Briggs & Stratton’s Prius ancestor

Everyone knows Briggs & Stratton lawn mowers, snow blowers and small utility engines. However, very few people are aware this major U.S. manufacturer once built a genuine hybrid car, long before consumers started buying them in large numbers.

About 15 years before Toyota unveiled its Prius prototype at the 1995 Frankfurt Auto Show, the Milwaukee-based mower manufacturer, Briggs & Stratton, presented this intriguing 6-wheeler with hybrid powertrain. Built on a chassis borrowed from a Montréal-made Marathon C-360 electric truck, its design was produced by Brook Stevens and his son Kip.

This hatchback coupe was powered by a 0.7 L B&S 42 two-cylinder motor, producing 18 hp, paired with a 6 kW (8 hp) Baldor electric motor powered by 12 lead-acid batteries totalling 454 kg— hence the necessity of having two axles at the rear to support such a mass.

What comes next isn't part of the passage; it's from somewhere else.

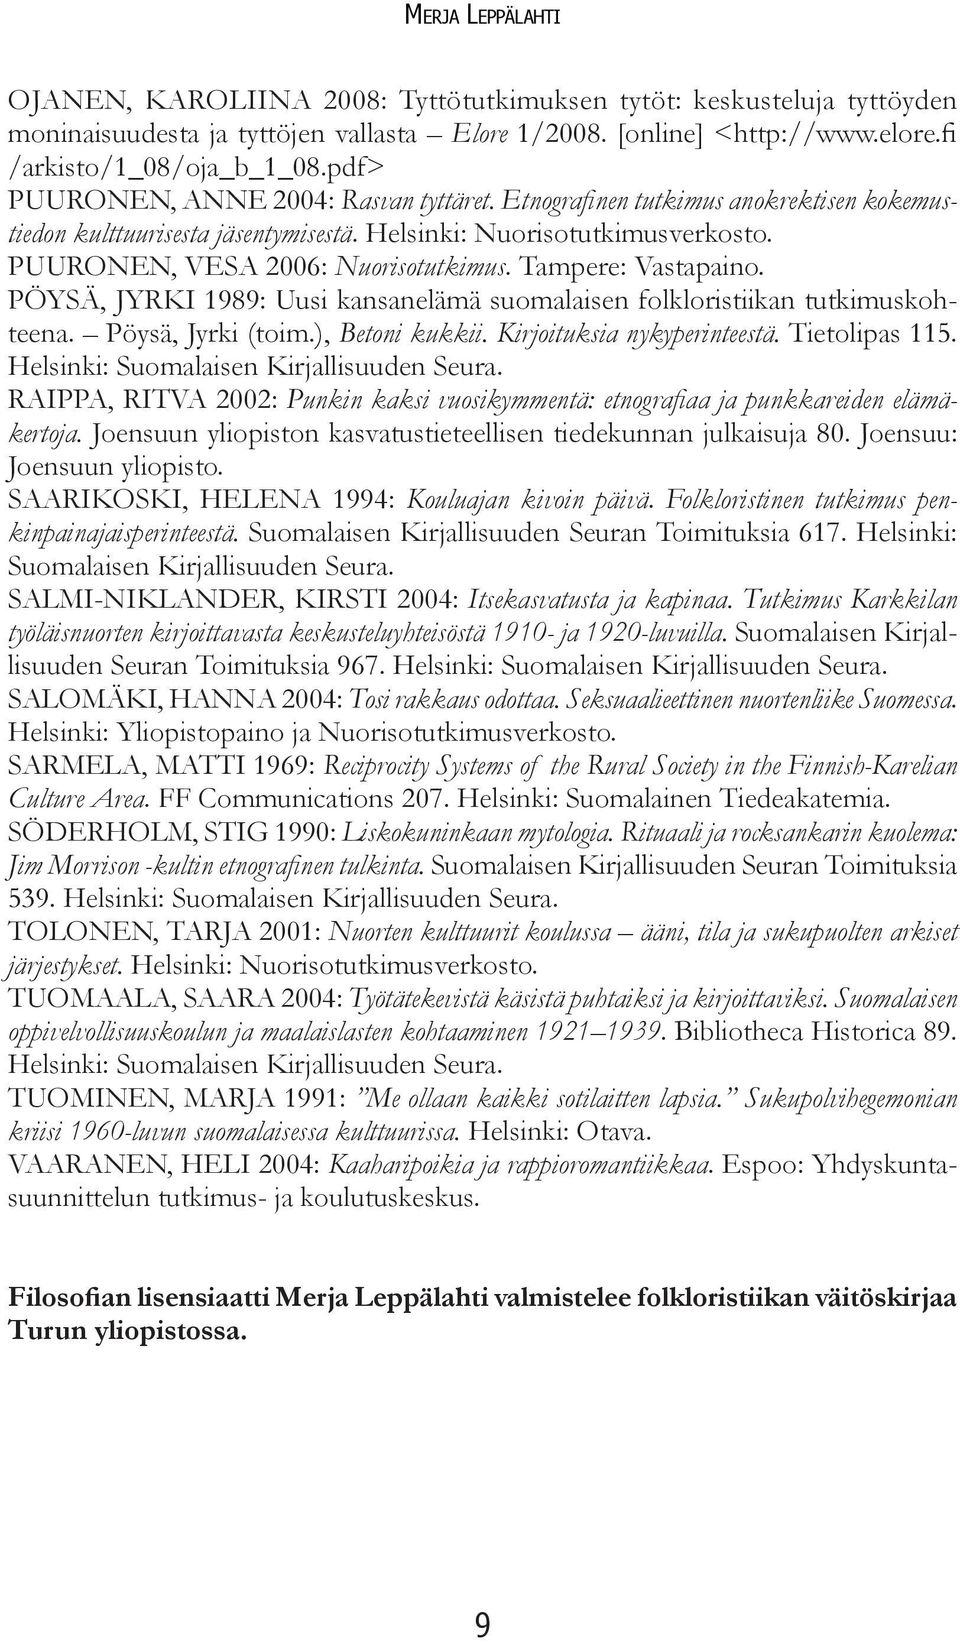 Tampere: Vastapaino. PÖYSÄ, JYRKI 1989: Uusi kansanelämä suomalaisen folkloristiikan tutkimuskohteena. Pöysä, Jyrki (toim.), Betoni kukkii. Kirjoituksia nykyperinteestä. Tietolipas 115.

Described as “practical and realistic” by the manufacturer, this prototype could travel in hybrid mode but also via electric propulsion over 50 to 100 km. The manufacturer gave it an average consumption close to 5.4 L/100 km, but its top speed was limited to less than 90 km/h. A project without a future, this unusual prototype was used above all to promote the B&S 42 engine, a novelty of the moment.